Closed it for now, anyway.
Last month, an evenly divided Supreme Court kept in place an Oklahoma ruling that blocked the Catholic Church from opening a public charter school there. Split 4-4, with Justice Amy Coney Barrett recusing herself, the court issued a one-sentence notice announcing that its deadlock would allow the Oklahoma Supreme Court’s ruling to stand.
The non-decision maintained the secular status — and, perhaps more importantly, state funding — for public charter schools in Idaho. But it may not be the end of the national debate over religion and charters. Oklahoma’s was a test case, according to Renita Thukral, senior national advisor for legal affairs at the National Alliance for Public Charter Schools.
“A 4-4 ruling does not establish precedent,” she said. “The exact issue could come before the Supreme Court again, not out of Oklahoma, unless their statute changes in some material way, but out of a different state.”

Thukral was speaking earlier this month at a virtual panel discussion hosted by the Idaho Charter School Association, Idaho Department of Education and Bluum.
The Charter School Association’s lobbying arm, the Idaho Charter School Network, signed onto an amicus brief urging SCOTUS to uphold the Oklahoma ruling. The National Alliance for Public Charter Schools also made arguments in the case.
Thukral said the question before the court was whether charters are private or public actors; and, if public, are they “public school enough” to be subject to the U.S. Constitution’s prohibition on government-sponsored religion?
If the court had decided that charters are more private than public, it could have jeopardized state funding.
Idaho law is clear that charters are part of the public school system, said Chris Yorgason, a Boise attorney and charter advocate. They’re funded by the state and subject to the same rules as traditional public schools, like open meeting and public records laws. And like traditional public schools, charters must be non-sectarian.
The SCOTUS result was “great, because it’s status quo,” Yorgason said during the panel discussion. “We know the world that we’ve lived in for the last 27 years, and frankly, it’s a good world to be in. It’s not perfect, but we are generally happy with where we are.”
Idaho enacted charter schools in 1998.
Terry Ryan, board chair of the Idaho Charter School Network and CEO of the charter support nonprofit Bluum, has emphasized that the Network’s stance in the Oklahoma case wasn’t in opposition to private school choice.
The Idaho Legislature this year unlocked public funds for private schools, most of which are religious. The Network supported this effort along with other mechanisms to fund private education, like private school vouchers.
The Oklahoma arguments were about public charter schools being, “in fact, public,” Ryan said during the panel discussion. “That was front and center for us in Idaho and why we took the position that we took.”
Had the case gone another way, it’s unclear whether any Idaho charters would have rushed to affiliate with a church.

Alan Reed is chairman of the Idaho Public Charter School Commission, the authorizer for most of the state’s charter schools.
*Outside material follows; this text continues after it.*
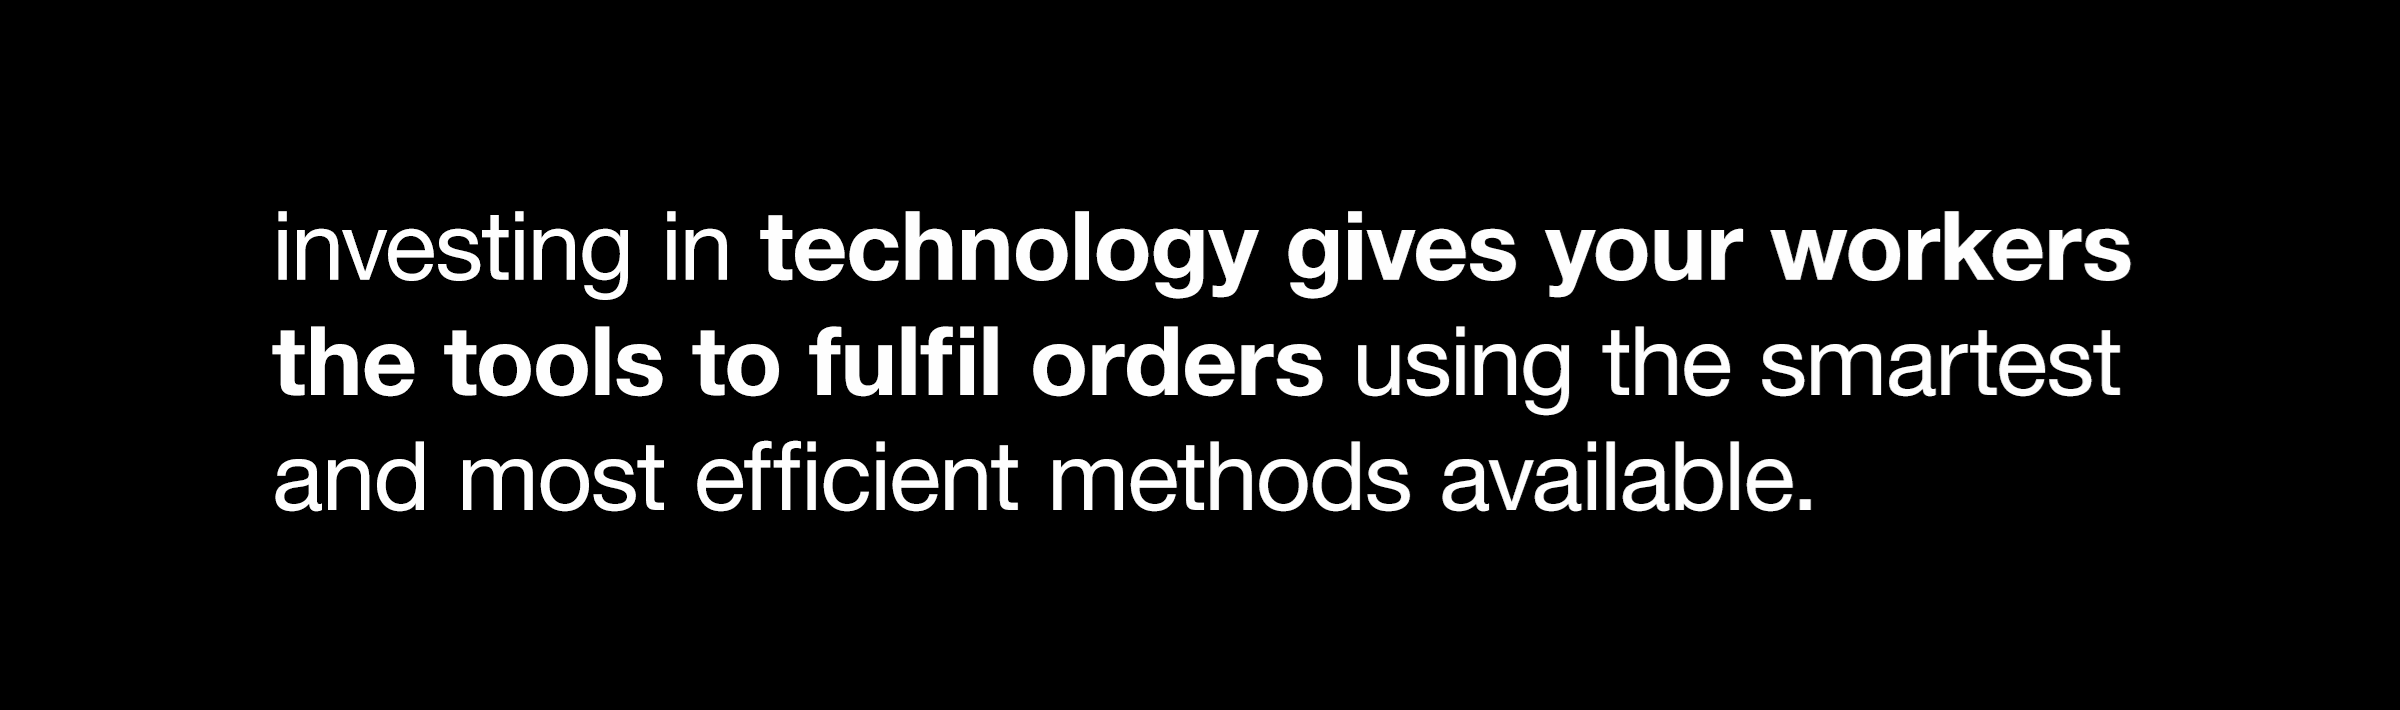 Tech quote image

Asked whether any Idaho charters have proposed a religious affiliation, Reed said, “I haven’t had anything come forward like that.”
Rep. Judy Boyle, one of the Legislature’s longtime school choice supporters, said there haven’t been rumblings about religious charters at the Statehouse, either. “We don’t have those in Idaho,” said Boyle, R-Midvale.
Regarding the SCOTUS result, Reed told Idaho Education News that he was glad the Commission doesn’t have to “worry about something new.”
“I didn’t want what we’re doing here in Idaho disrupted by a ruling,” he said. “We’ve got things going really well.”
Editor’s note: Idaho Education News and Bluum are both supported on grants from the J.A. and Kathryn Albertson Family Foundation.